*WORK ORDER*:
What are the lines, word for word, from the line with "Classic Taxi Sign" up to and including the line with "The returning Shopping Cart in Fortnite" in the records below? Omit the pictures.

*RECORDS TO PROCESS*:
++++++
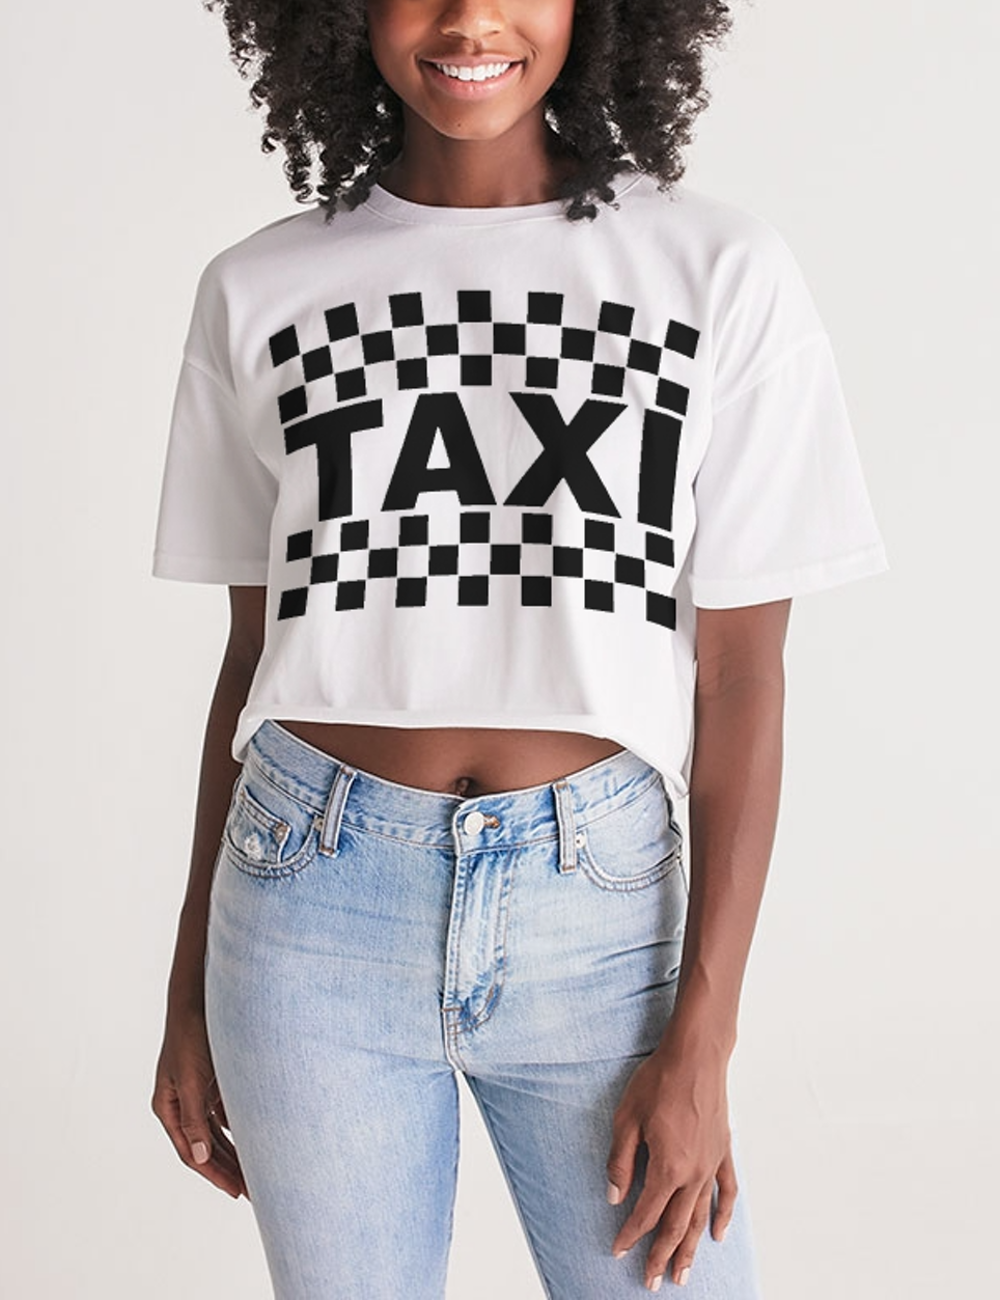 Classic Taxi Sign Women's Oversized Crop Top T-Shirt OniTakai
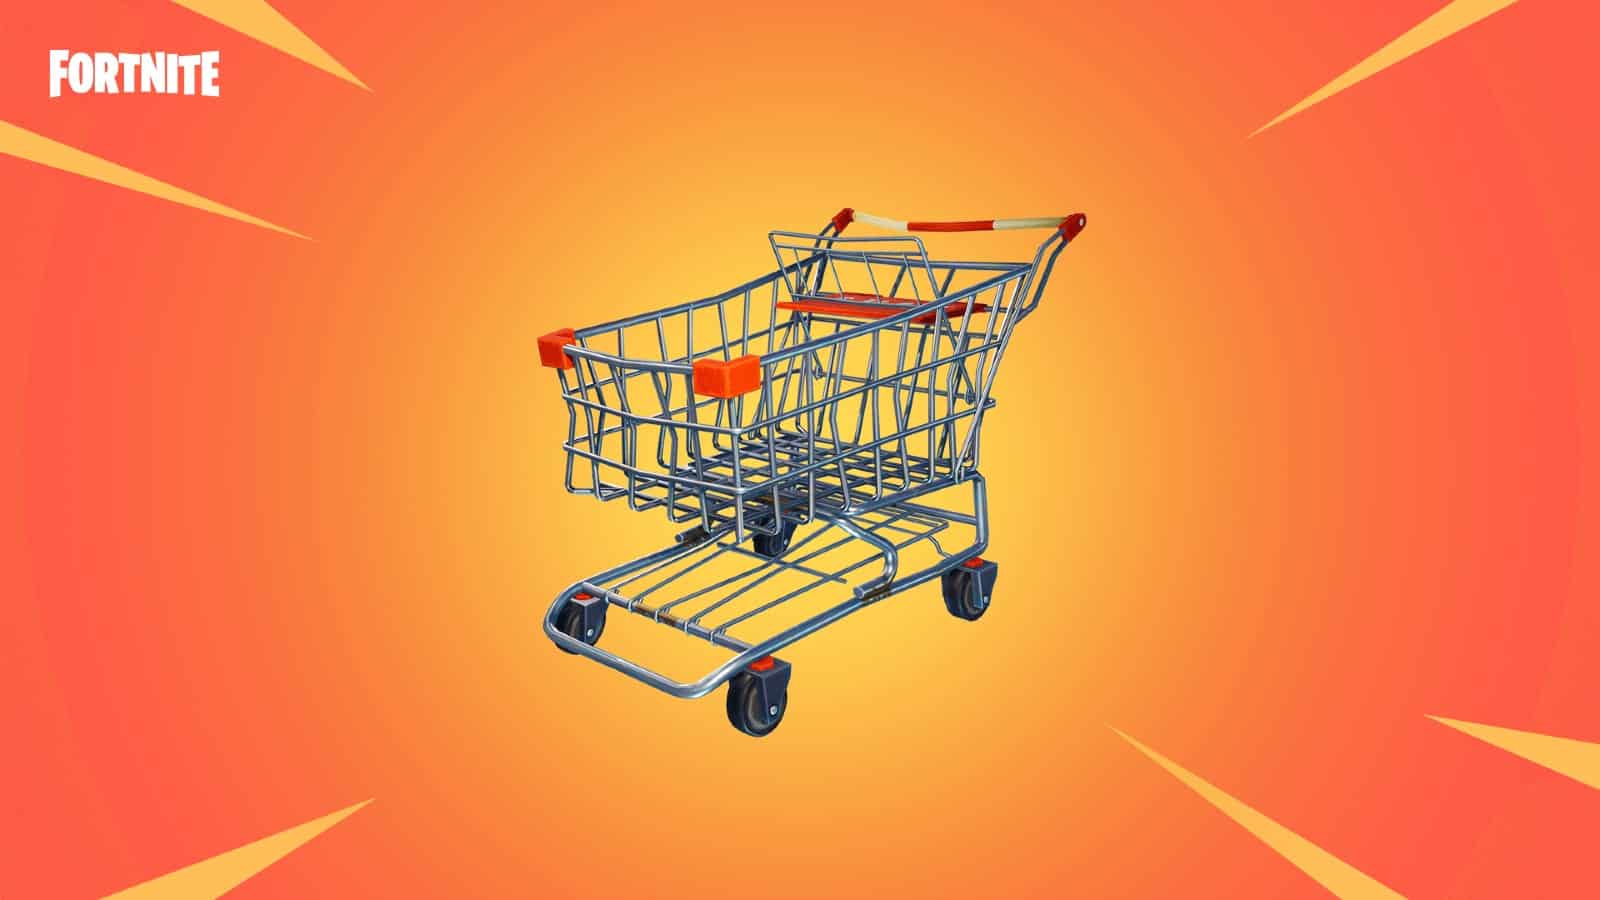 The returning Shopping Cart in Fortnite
++++++
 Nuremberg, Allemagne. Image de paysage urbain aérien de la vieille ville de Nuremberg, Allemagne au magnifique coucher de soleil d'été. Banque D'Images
++++++
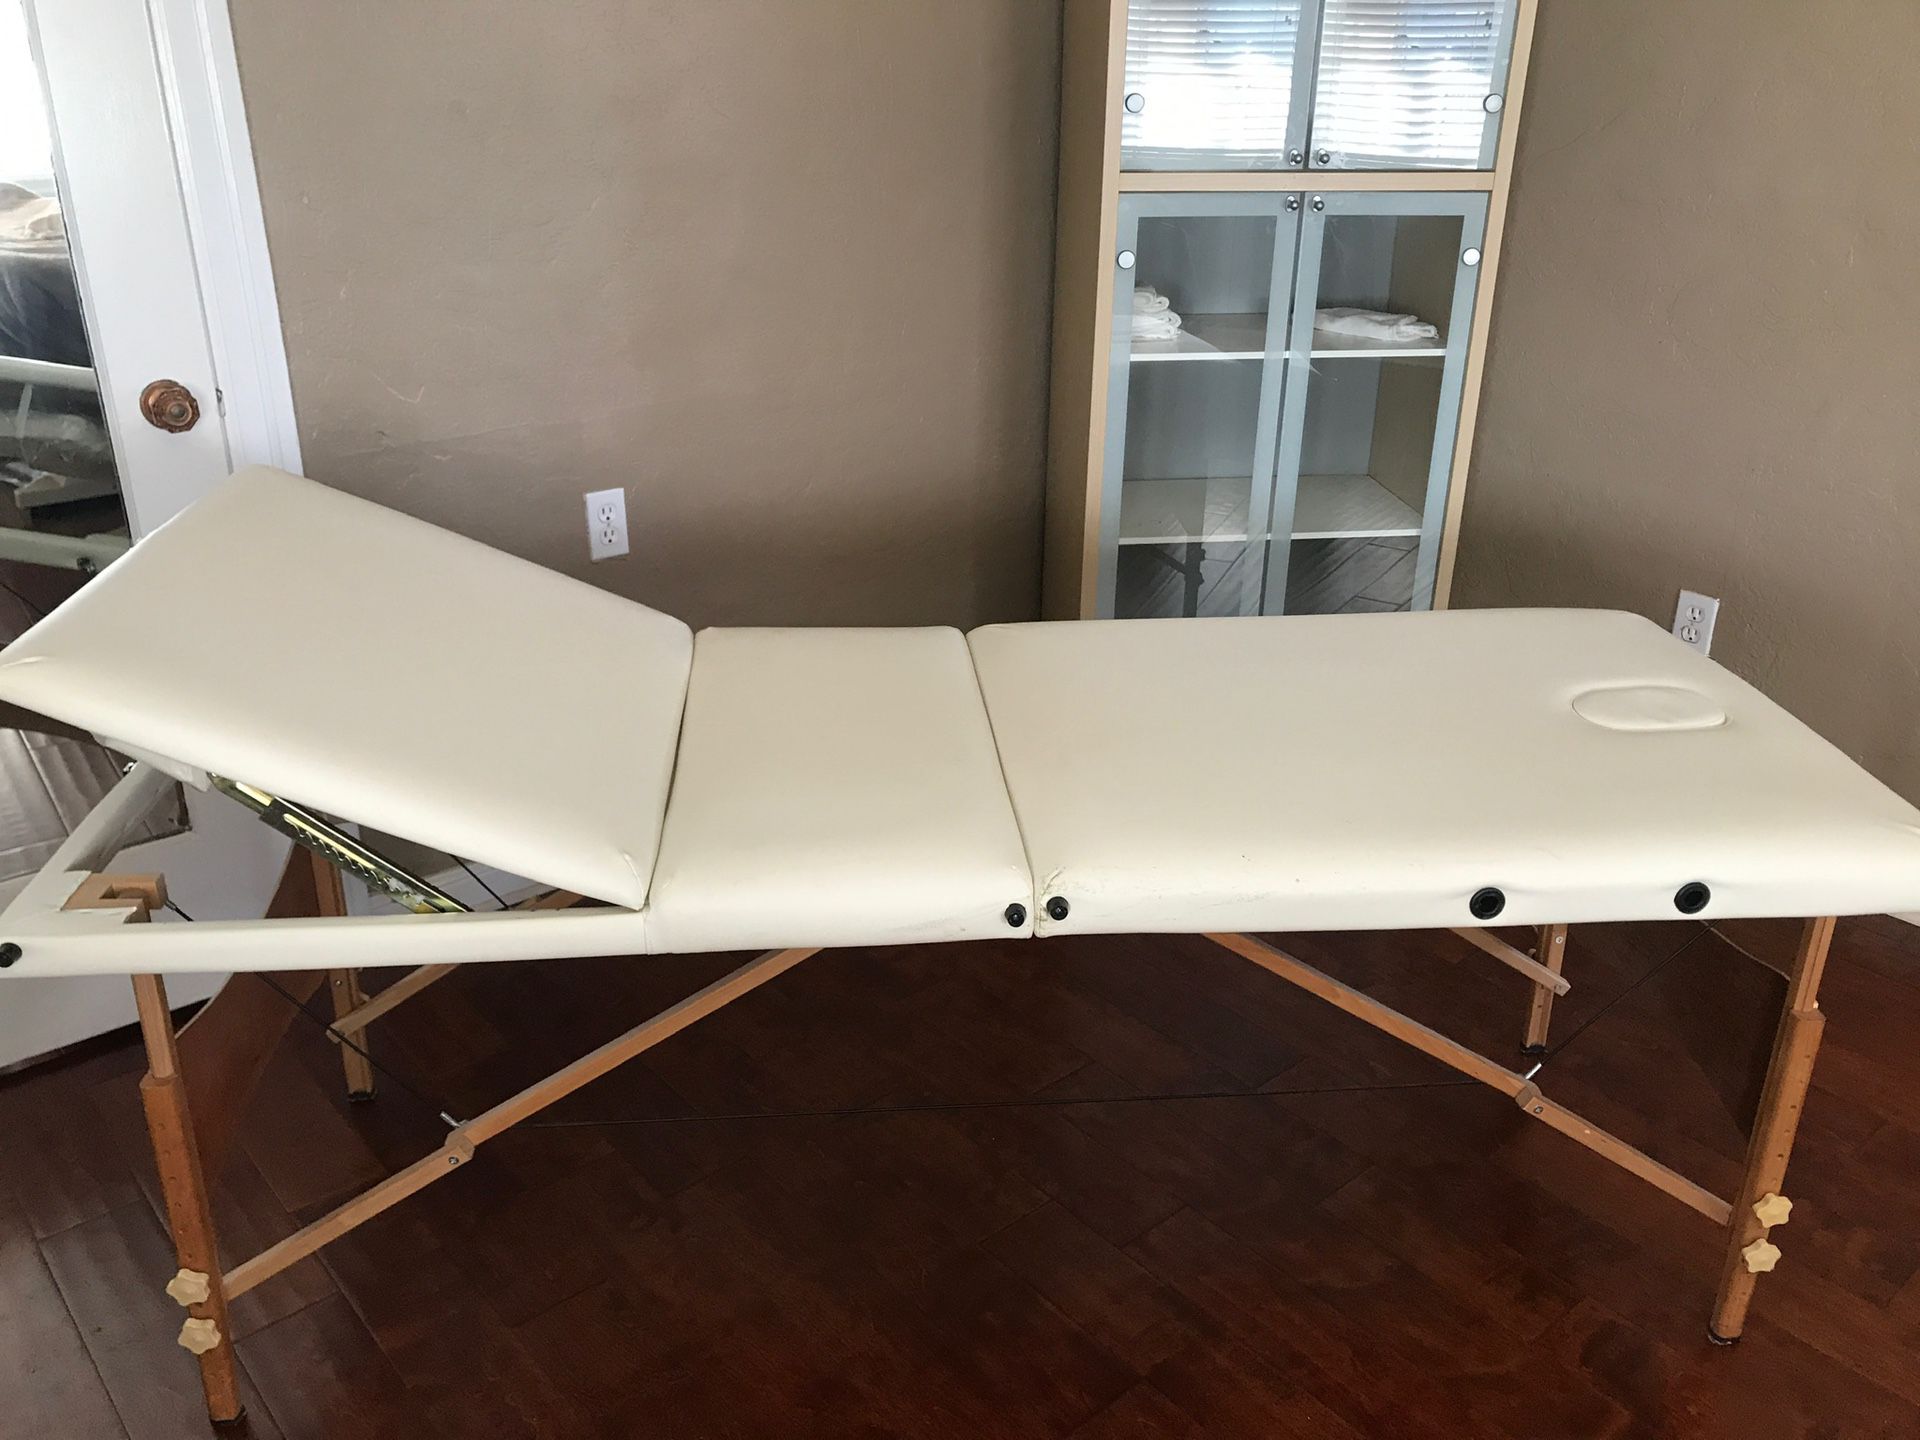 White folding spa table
++++++
*TASK ANSWER*:
 Classic Taxi Sign Women's Oversized Crop Top T-Shirt OniTakai
 The returning Shopping Cart in Fortnite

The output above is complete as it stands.